== TASK GOAL ==
Repeat the span of the entries below that starts at the line with "Halskette, Armband und" and ends at the line with "Diese prächtige Kollektion", nothing more. Skip the pictures.

== DATA RECORDS ==
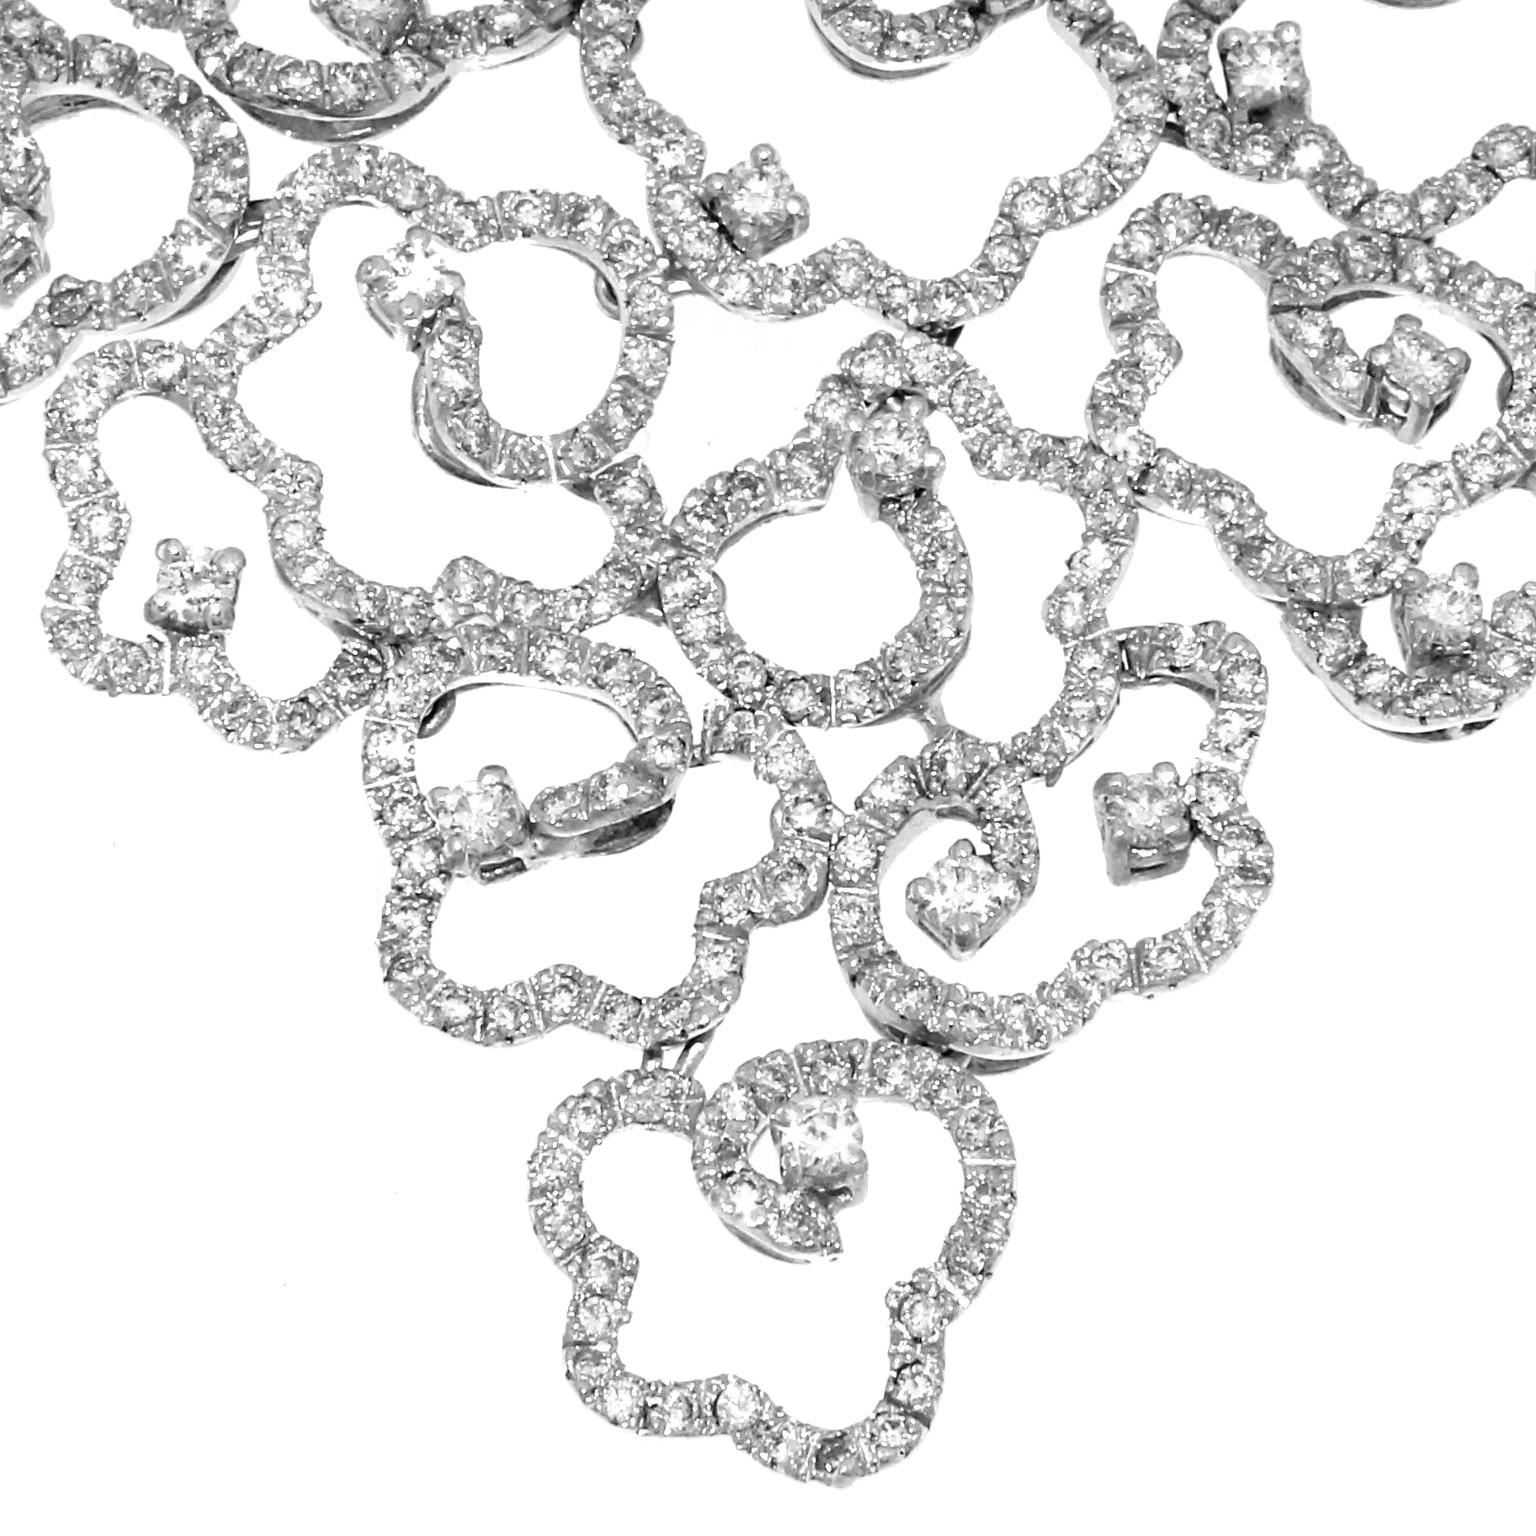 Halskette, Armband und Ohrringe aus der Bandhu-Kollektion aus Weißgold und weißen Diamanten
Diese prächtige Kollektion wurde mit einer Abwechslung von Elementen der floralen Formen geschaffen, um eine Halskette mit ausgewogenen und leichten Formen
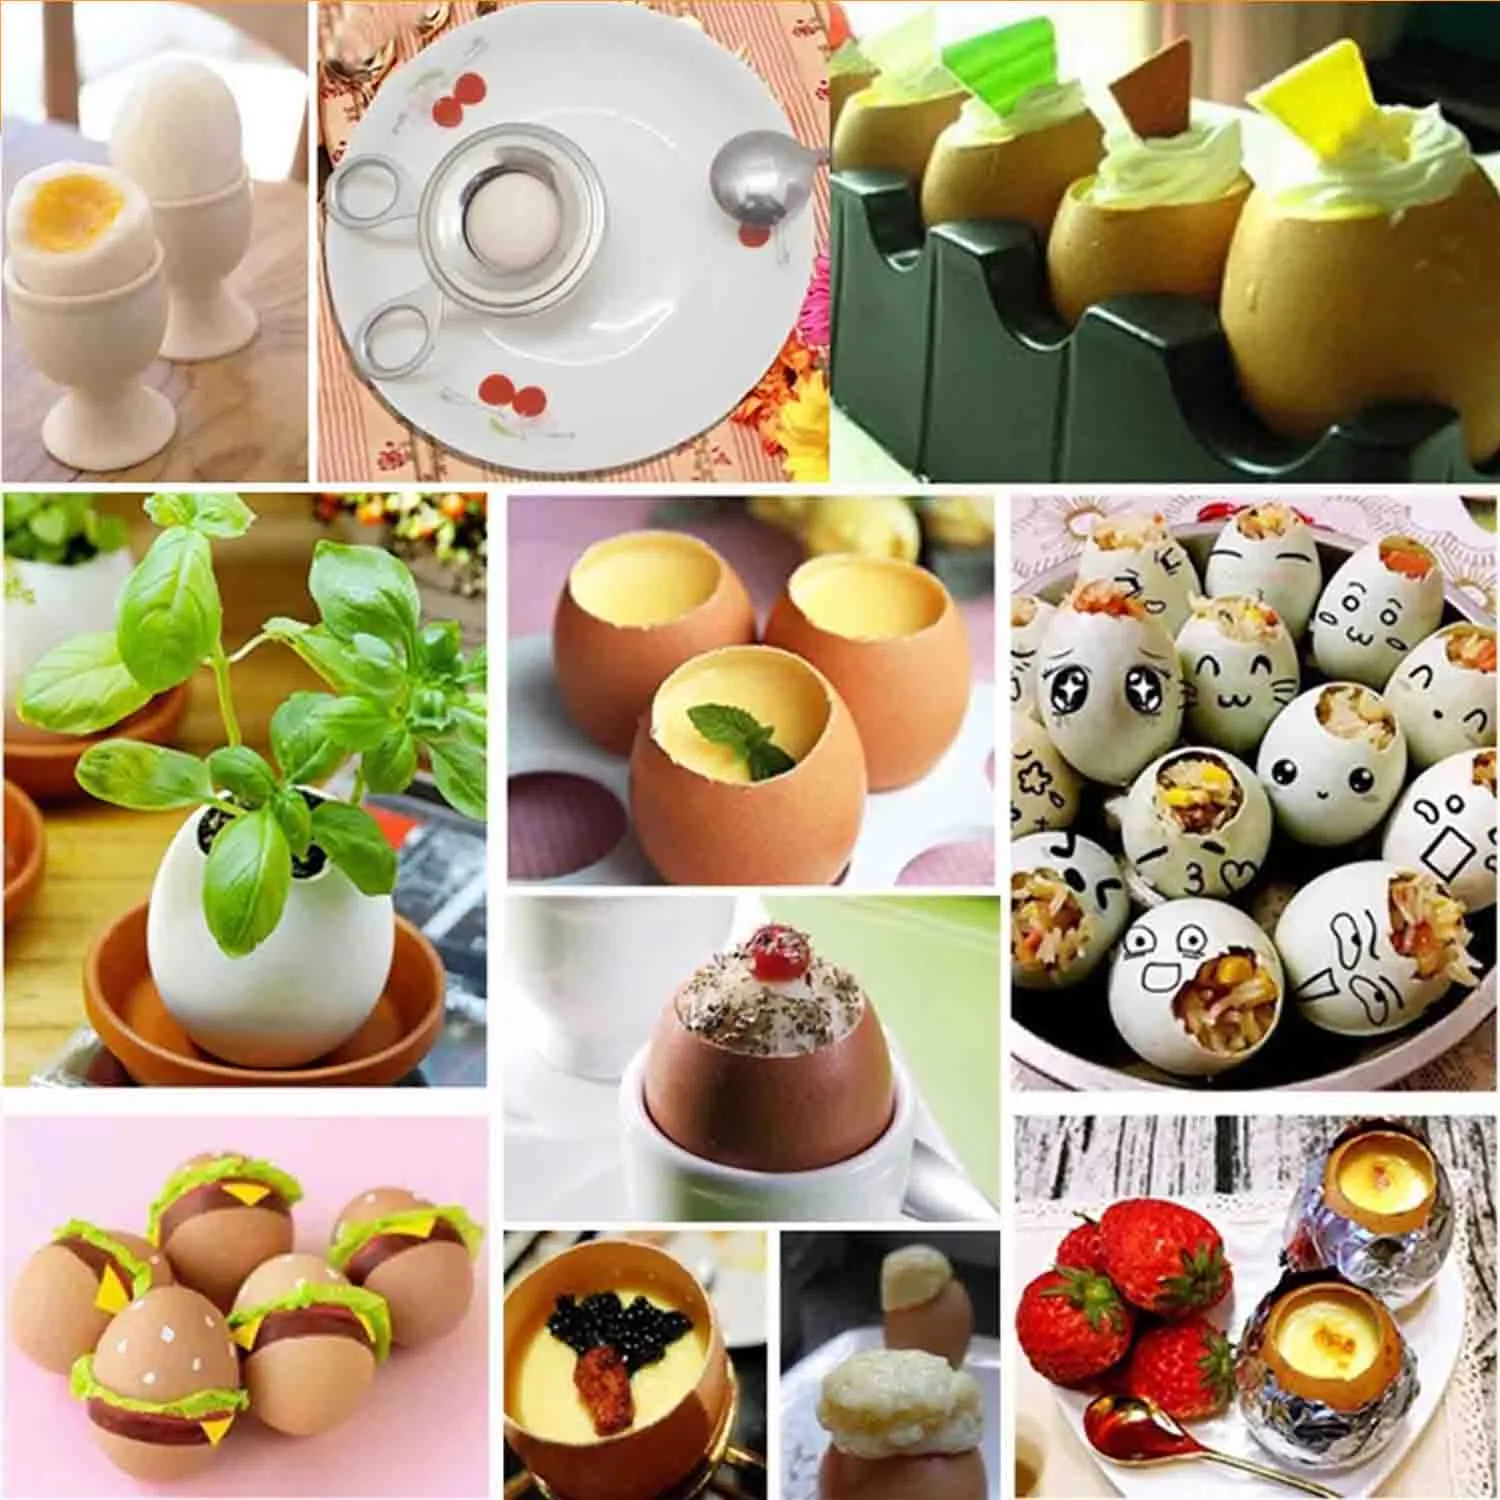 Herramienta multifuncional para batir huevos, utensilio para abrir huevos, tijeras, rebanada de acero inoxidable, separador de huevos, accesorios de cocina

---

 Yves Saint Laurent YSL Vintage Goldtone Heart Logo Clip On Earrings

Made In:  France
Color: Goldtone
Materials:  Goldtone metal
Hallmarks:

== TASK RESULT ==
 Halskette, Armband und Ohrringe aus der Bandhu-Kollektion aus Weißgold und weißen Diamanten
Diese prächtige Kollektion wurde mit einer Abwechslung von Elementen der floralen Formen geschaffen, um eine Halskette mit ausgewogenen und leichten Formen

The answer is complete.